Kein Aprilscherz! Fotos: tatsächlich C. Wilms und ganz gewiss dort und hier keine private Nutzung i.S.d. UrhG

Und natürlich kreiert man keine “private Nutzung” i.S.d. Urheberrechts dadurch, dass man ein Bild auf seiner Website mit “privat” bezeichnet – jede Website ist veröffentlicht, wenn sie nicht ausnahmsweise komplett privat – also komplett unsichtbar – gestellt ist. Vollkommen unerheblich ist, ob es sich hierbei um die just for fun betriebene Website eines Privatmenschen oder wie auch immer, zu welchen Zwecken und von wem auch immer betriebene sonstige Website geht. In Social Media gilt das erst recht. Zu toppen ist das nur noch dadurch, dass man sich dann auch noch die eigene Urheberschaft anmaßt.

Insofern: Im Internet die “private Nutzung” am besten generell vergessen!

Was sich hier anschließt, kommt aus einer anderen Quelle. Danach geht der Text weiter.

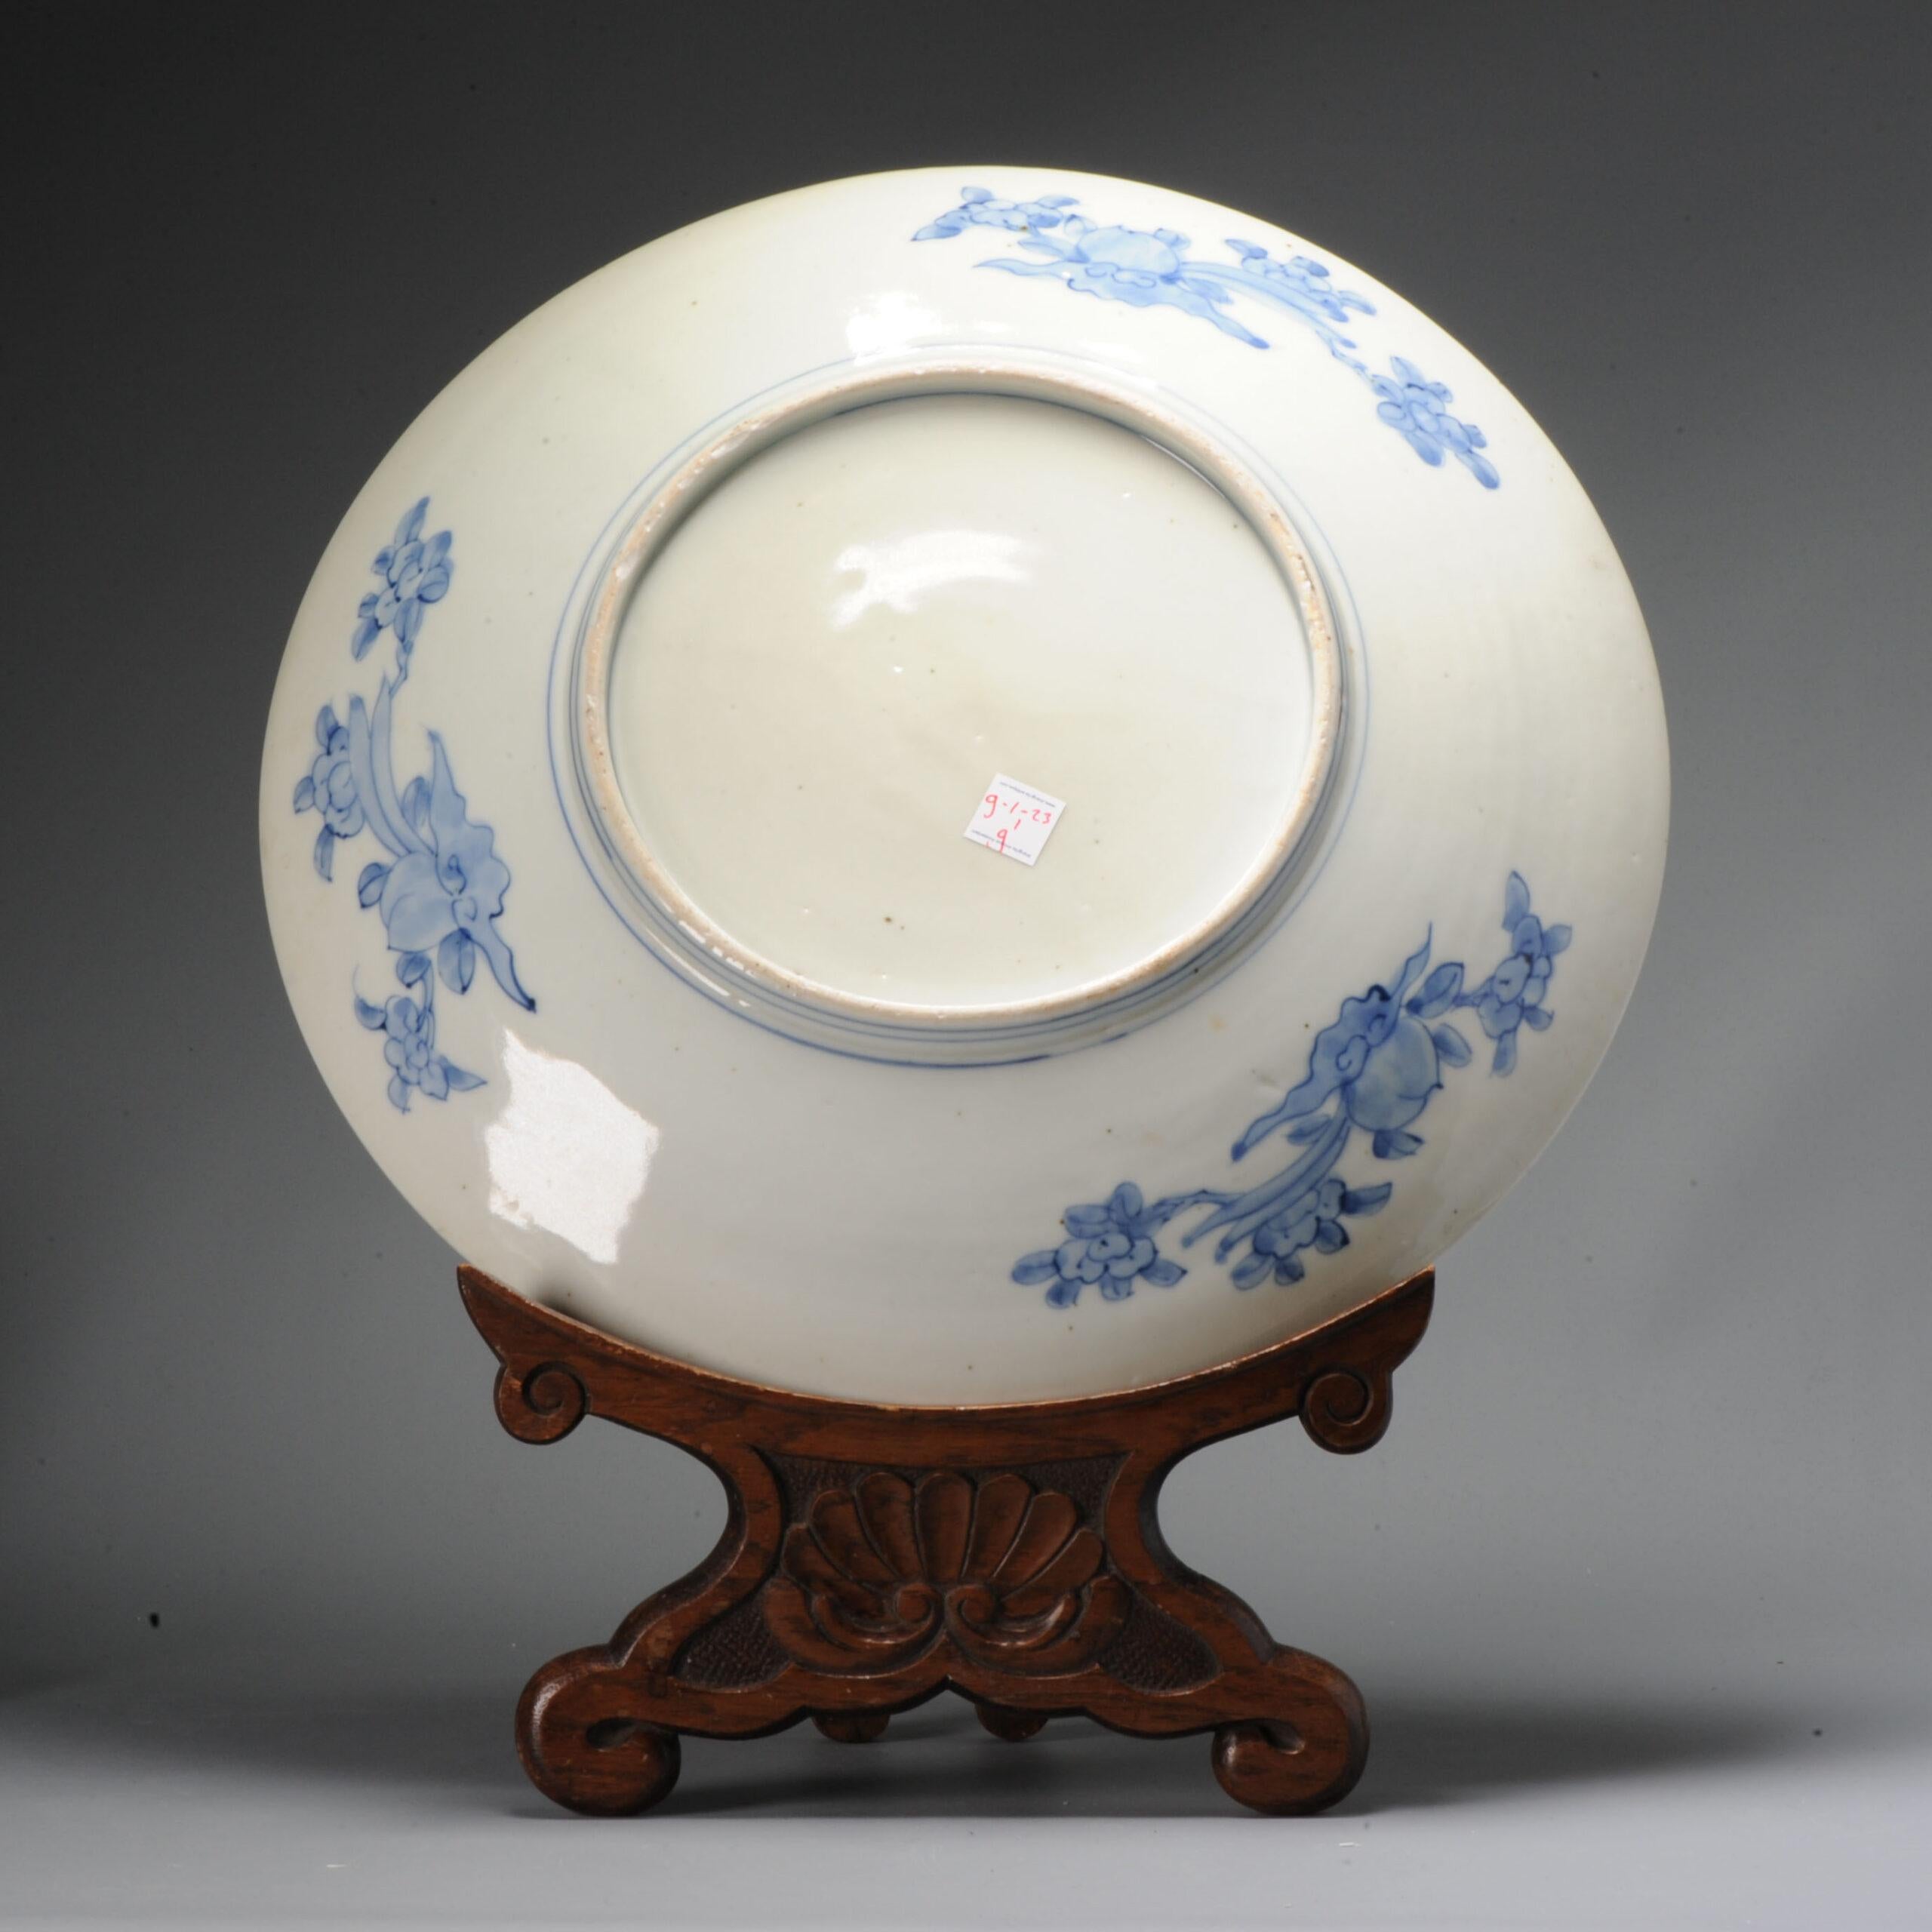 19th Century Antique Meiji Period 19 / 20C Japanese Porcelain Swan/Geese Charger Arita For Sale
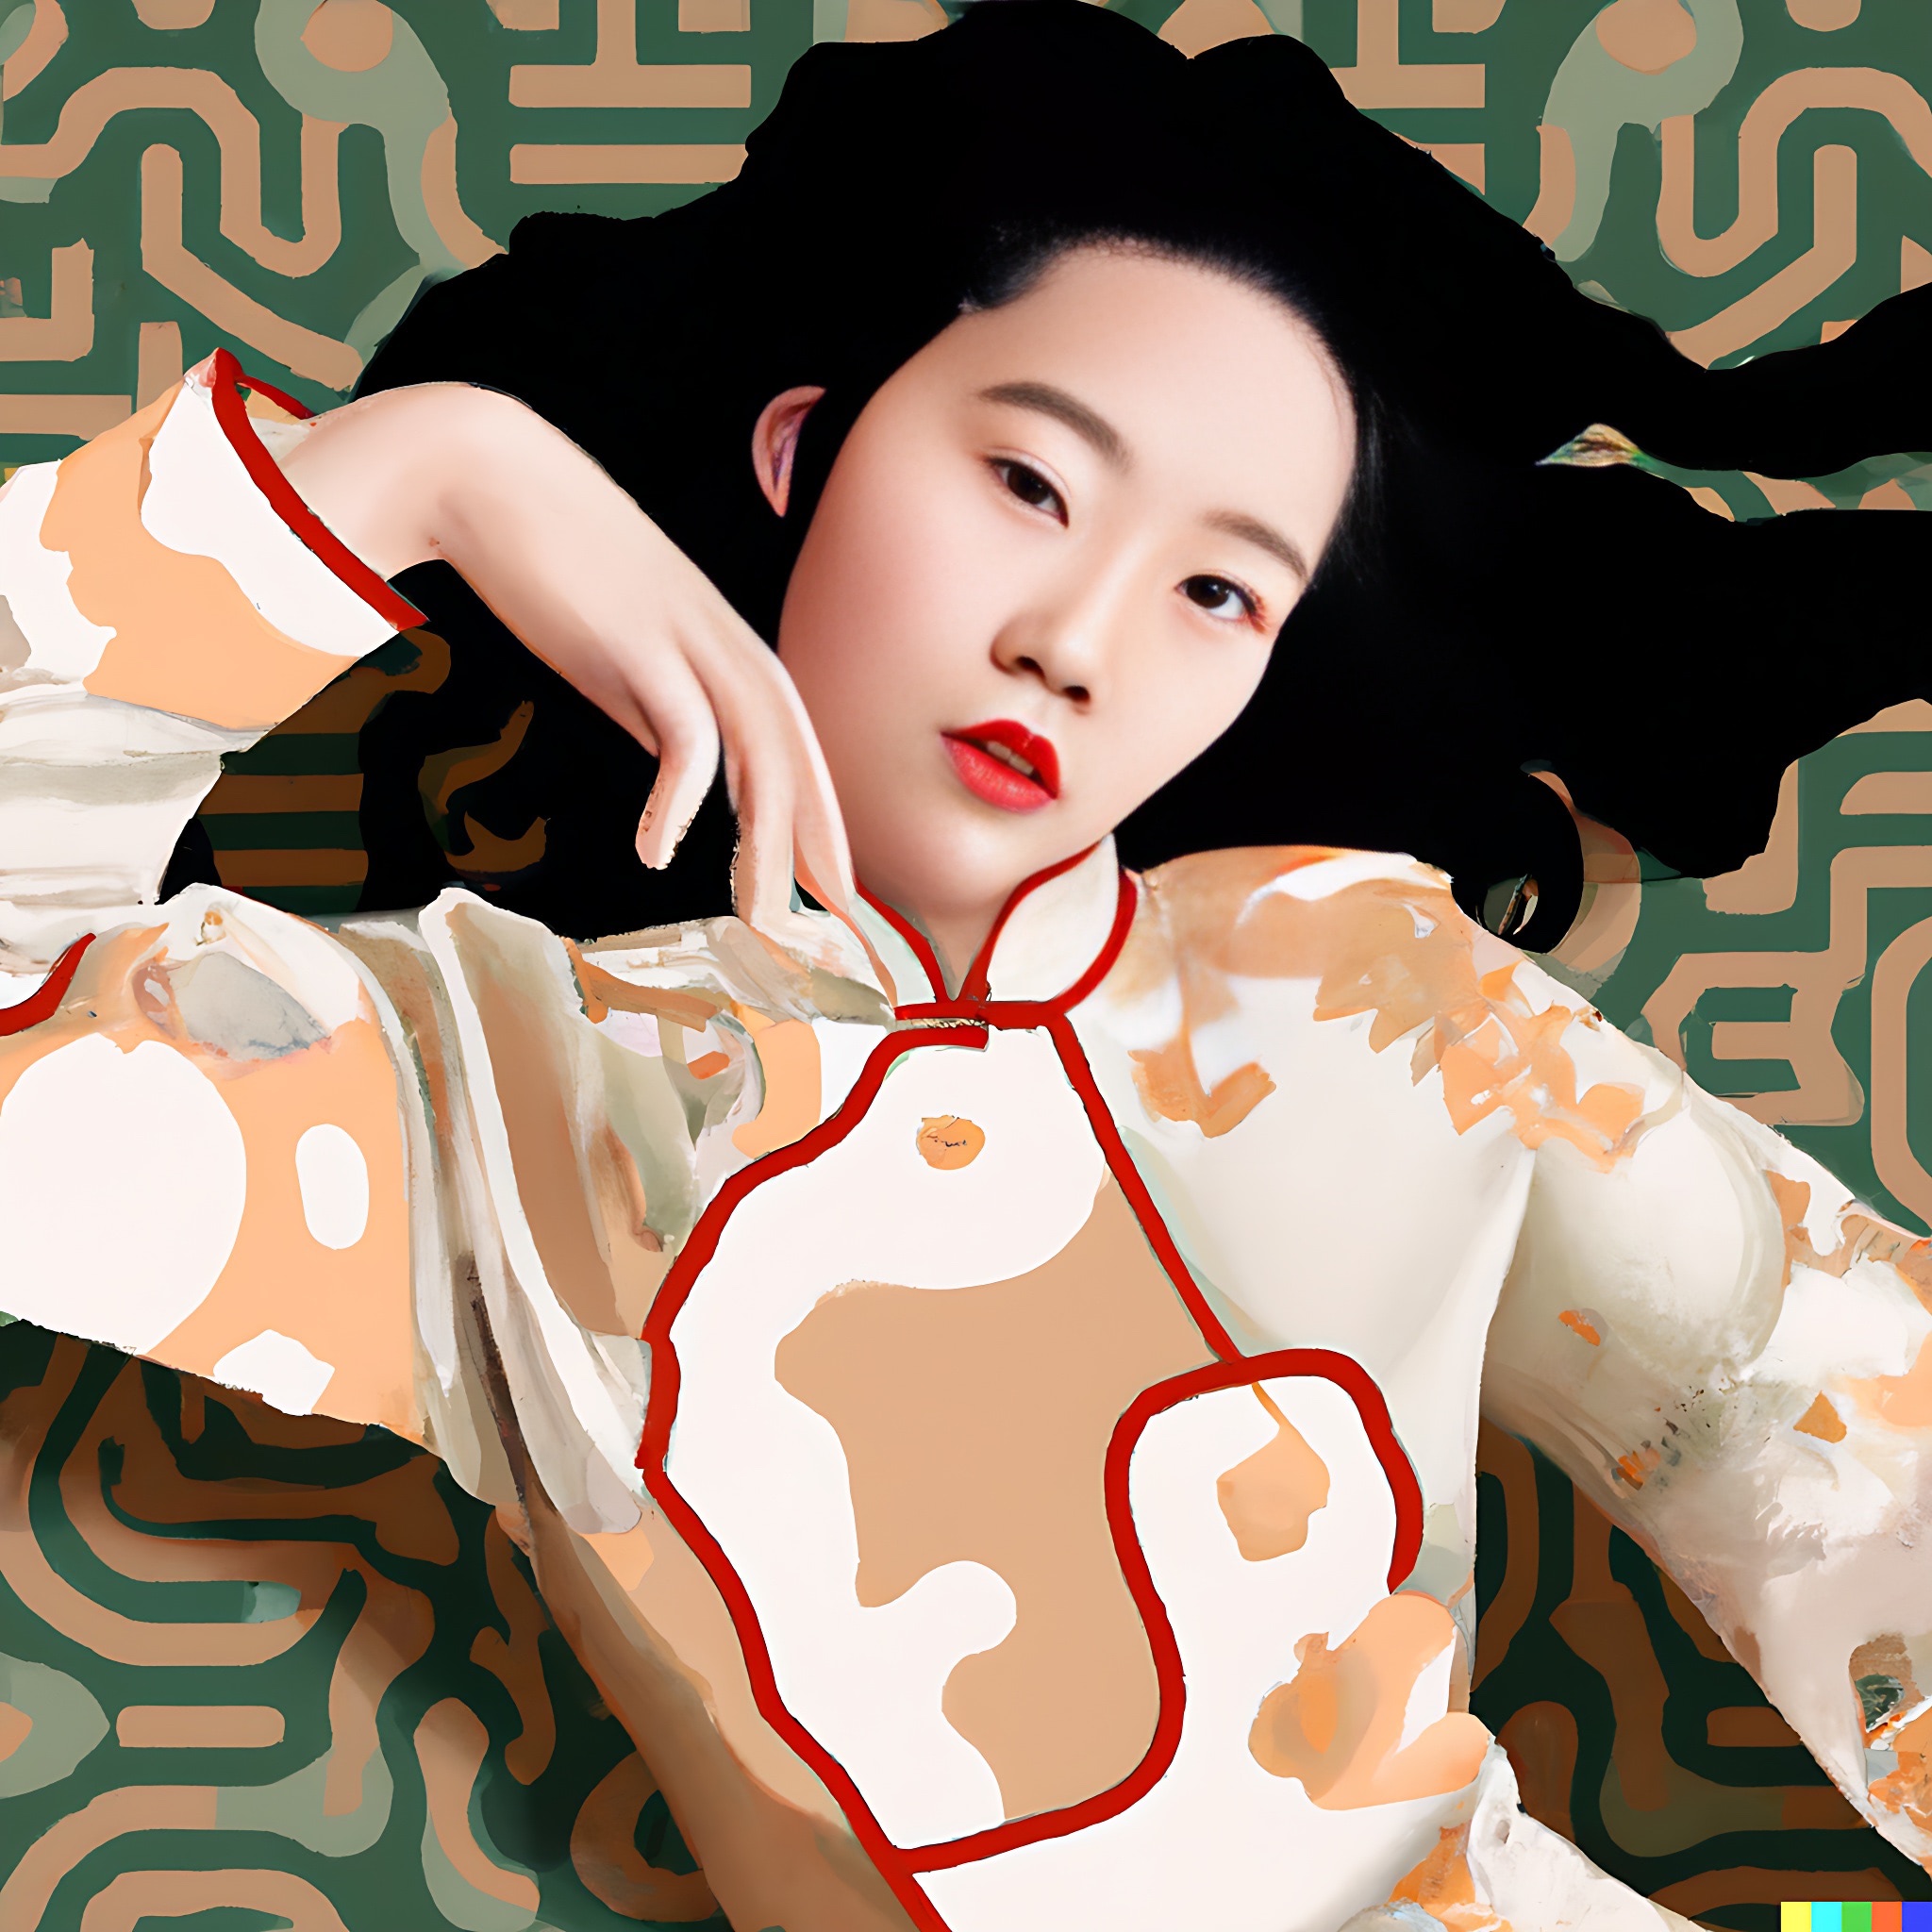 women-in-traditional-chinese-with-japanese-pattern-in-the-background-3

Im Prinzip ist das auch schon der ganze Zauber um das Urheberrecht und wer will schließlich schon das?

Wie das so im Rechtlichen ist, kann dieser Beitrag allenfalls als grobe Richtschnur dienen. Bestehen jedwede Zweifel daran, ob vorhandenes Fremdmaterial im konkreten Einzelfall genutzt werden darf – v.a. wenn es um Firmenwebsites oder Printmaterialien in höheren Auflagen geht – sollte doch besser der Rechtsanwalt hinzugezogen werden.